Records to process:

##############################

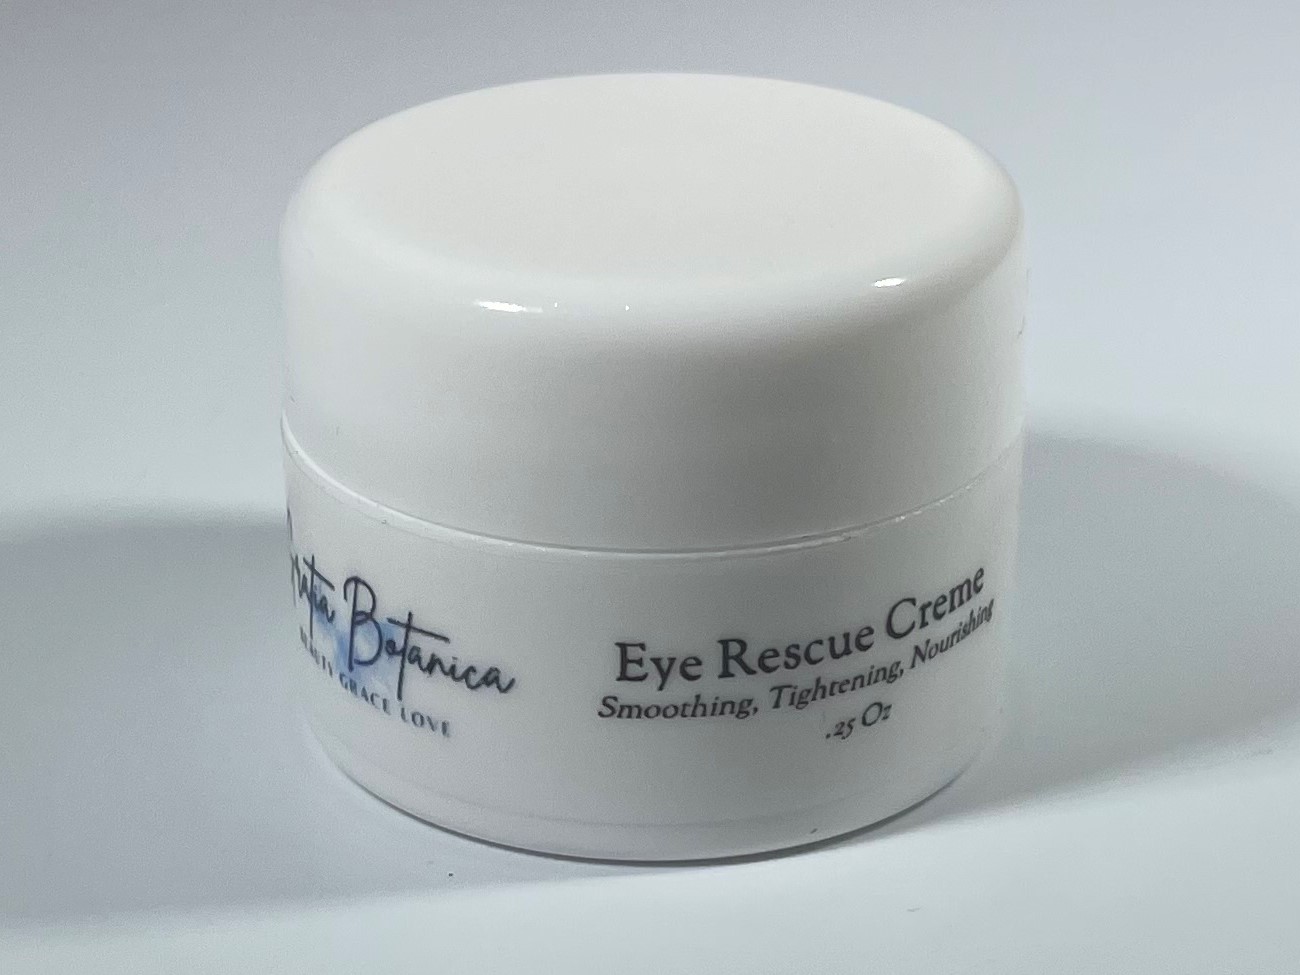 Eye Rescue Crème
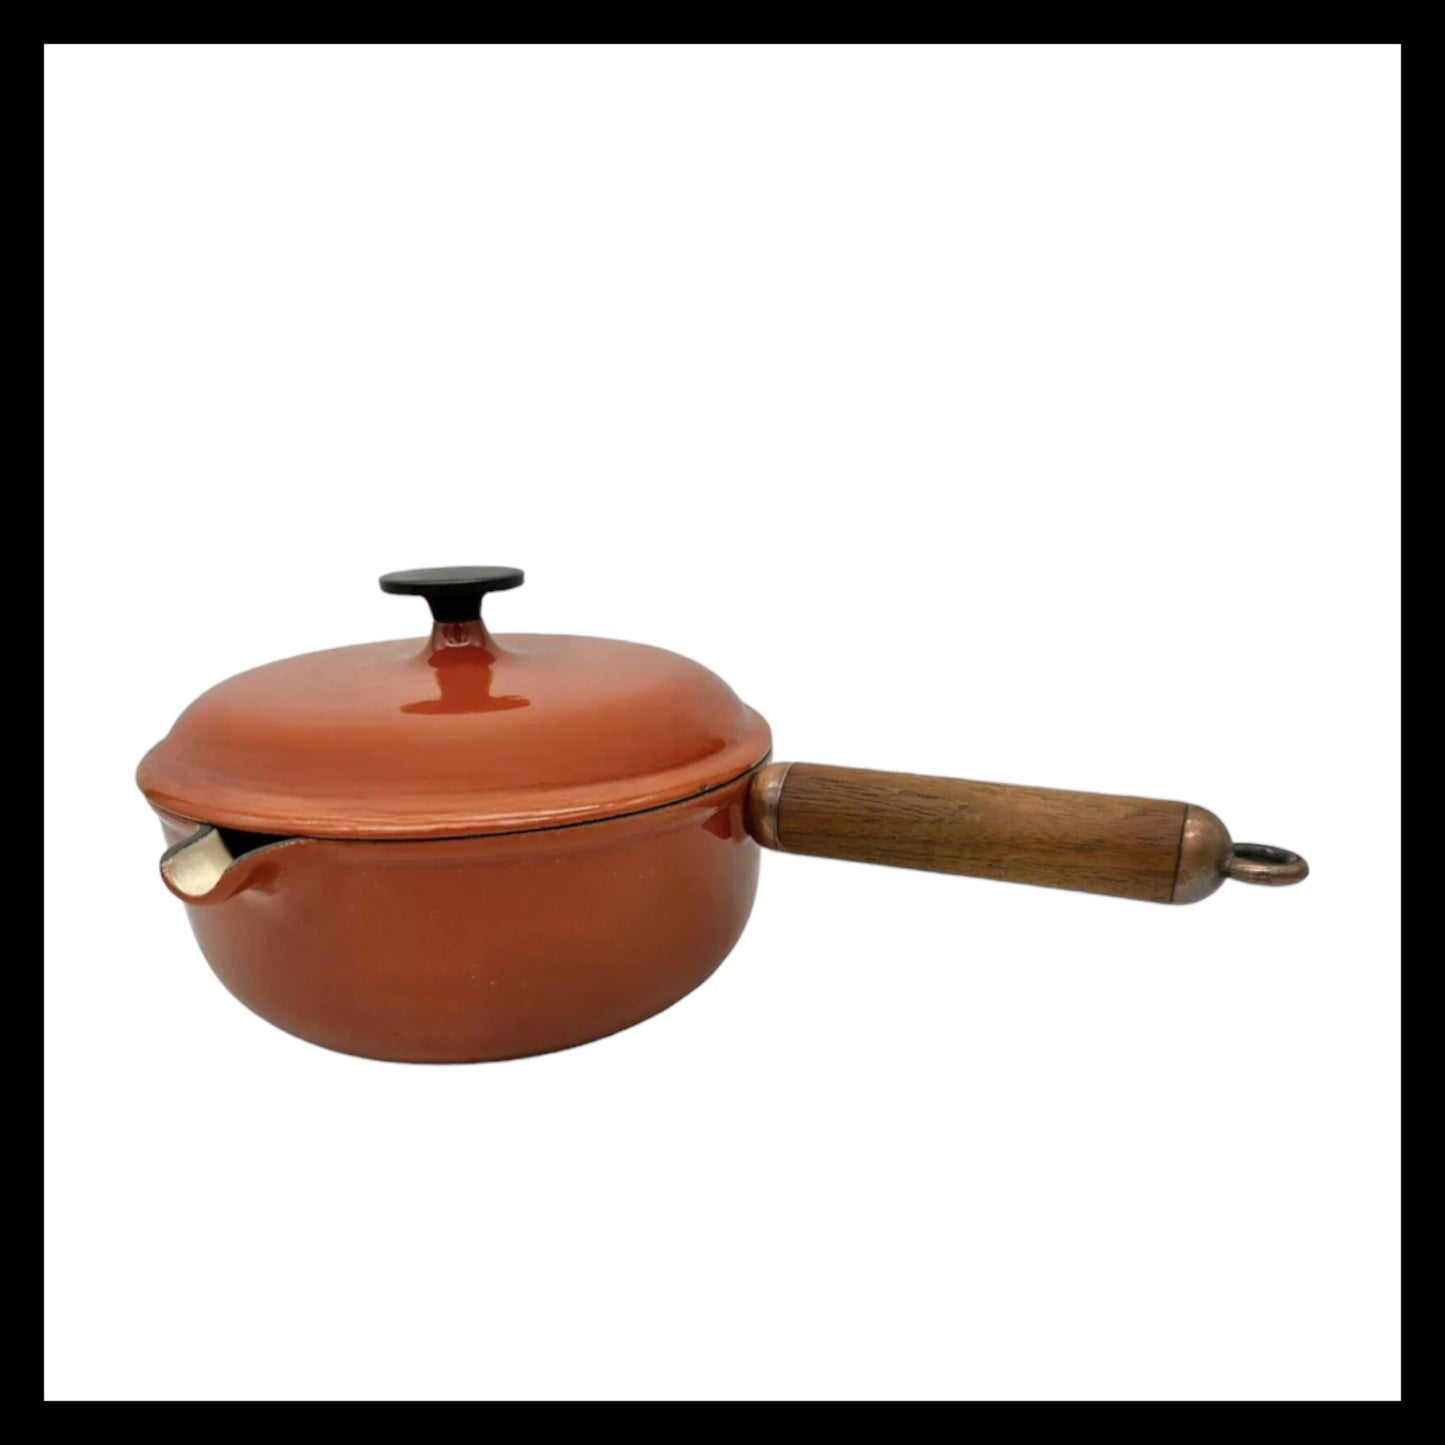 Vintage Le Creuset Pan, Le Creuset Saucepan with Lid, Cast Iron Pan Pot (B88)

##############################

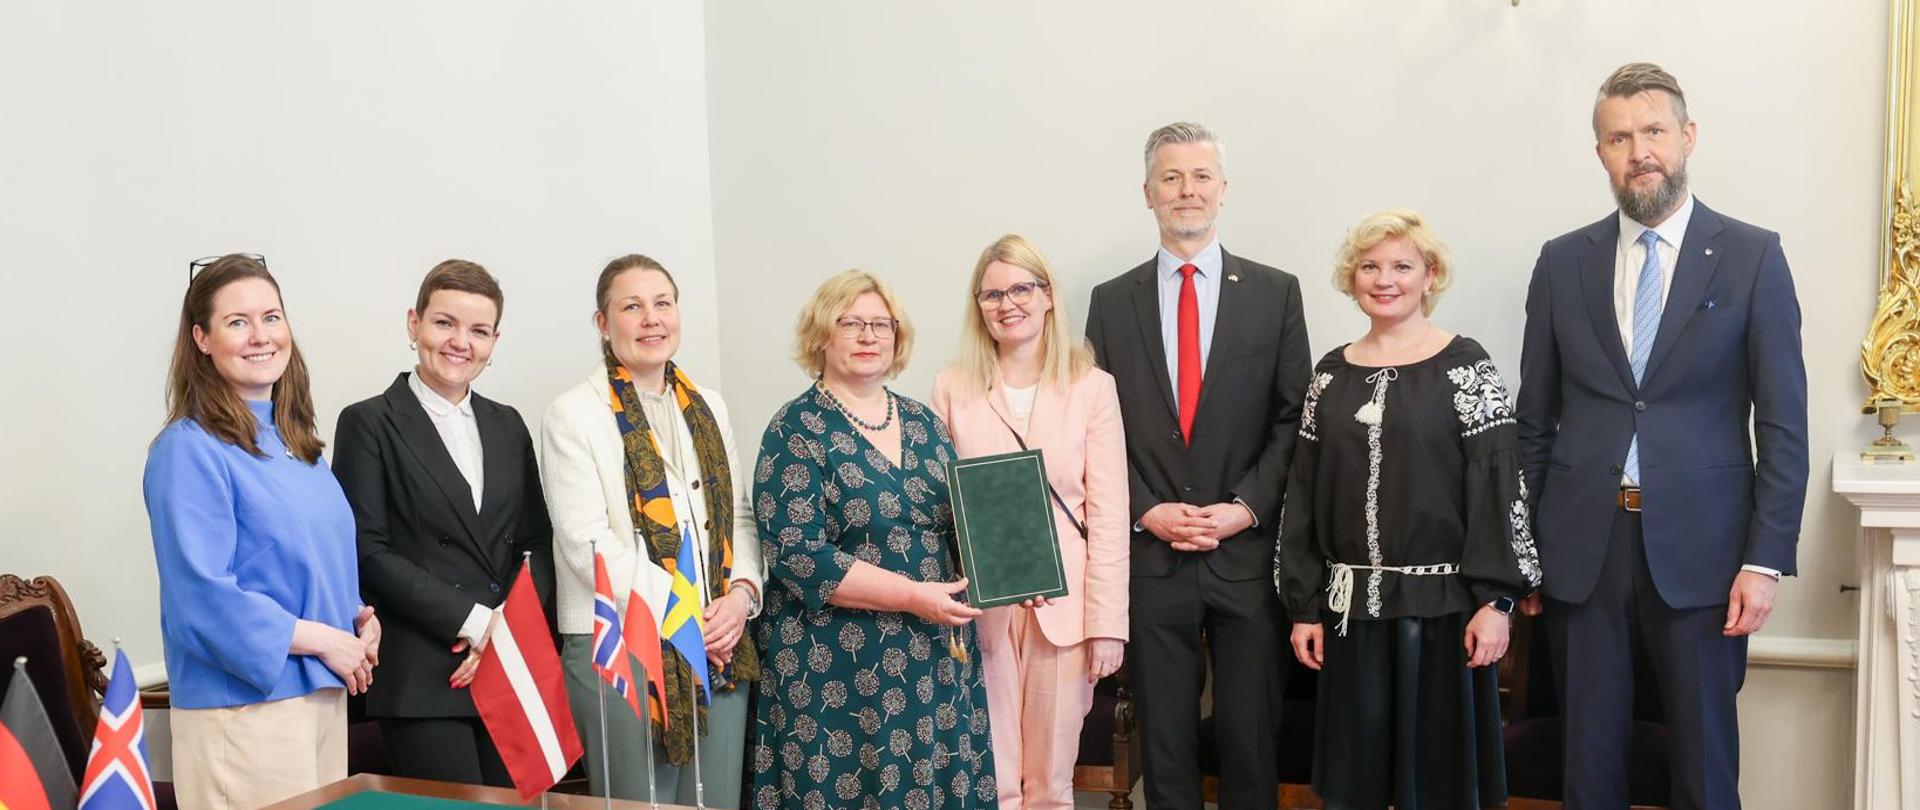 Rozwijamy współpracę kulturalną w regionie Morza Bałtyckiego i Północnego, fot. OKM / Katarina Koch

##############################

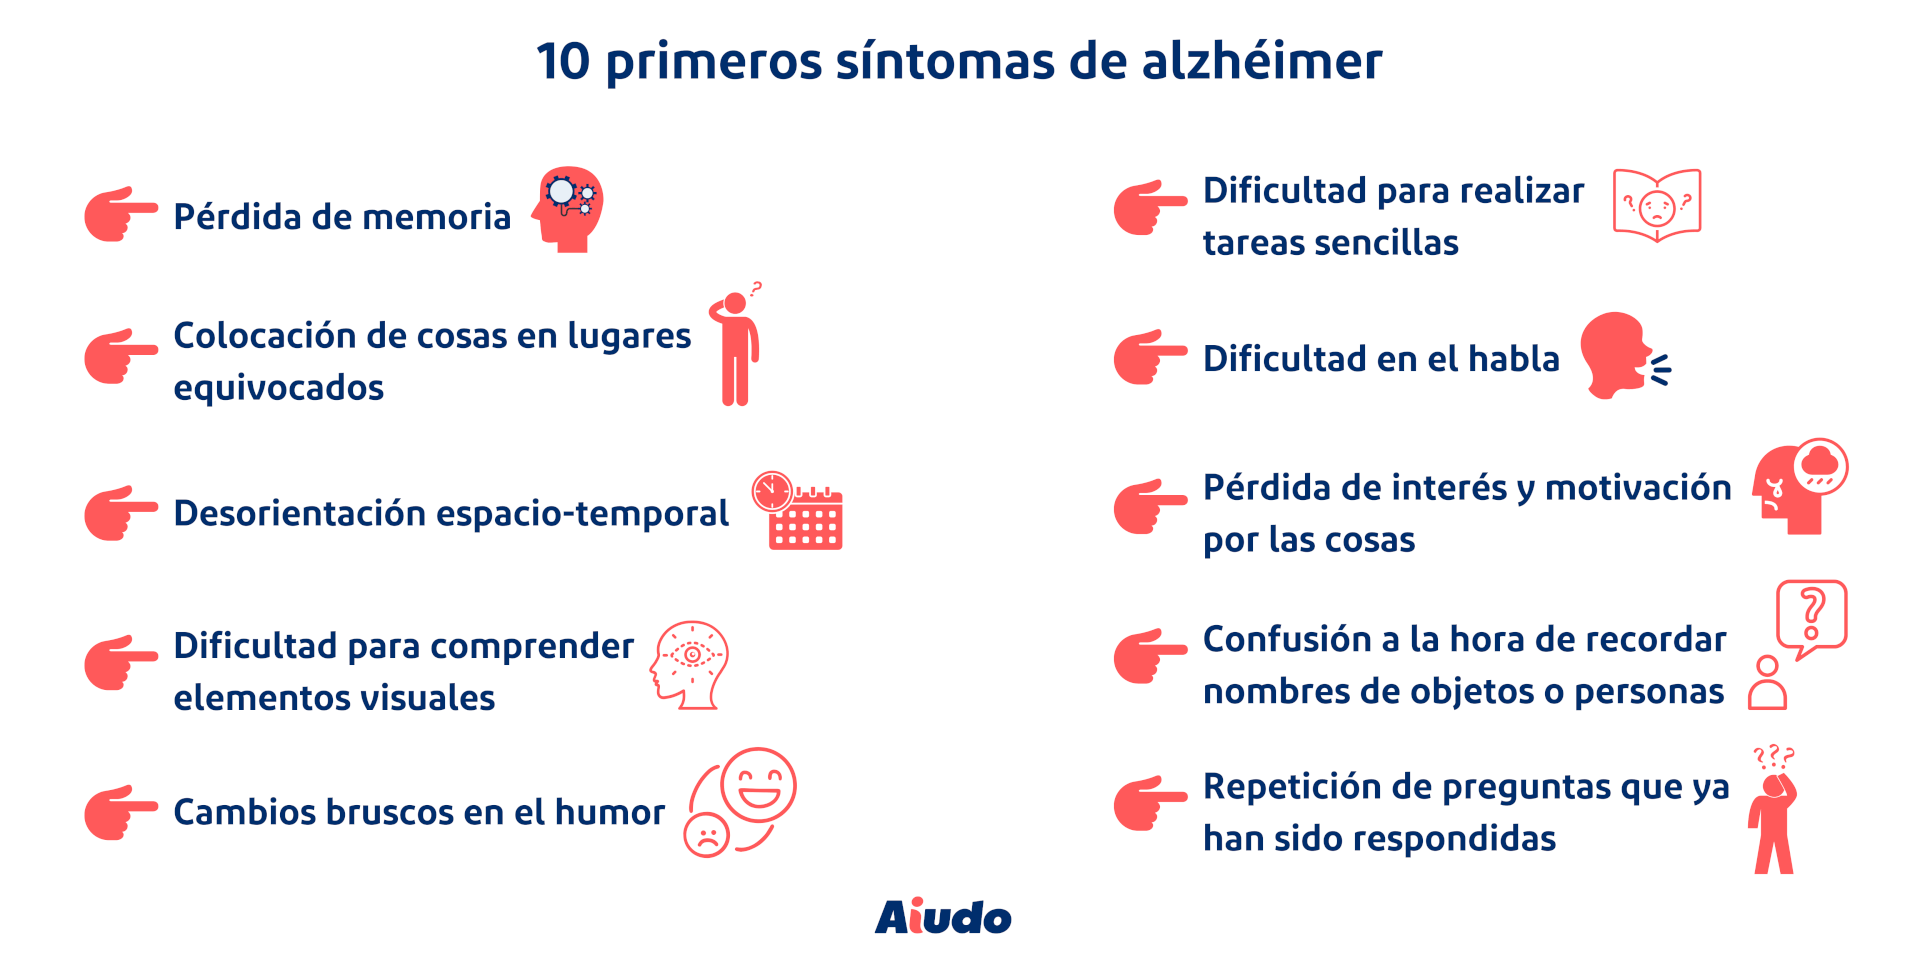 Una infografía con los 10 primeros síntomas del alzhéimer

##############################

Work request: Set down, exactly as written above, each line from the one with "Eye Rescue Crème" through the one with "Vintage Le Creuset", and skip the pictures.

Solution to the problem:
 Eye Rescue Crème
 Vintage Le Creuset Pan, Le Creuset Saucepan with Lid, Cast Iron Pan Pot (B88)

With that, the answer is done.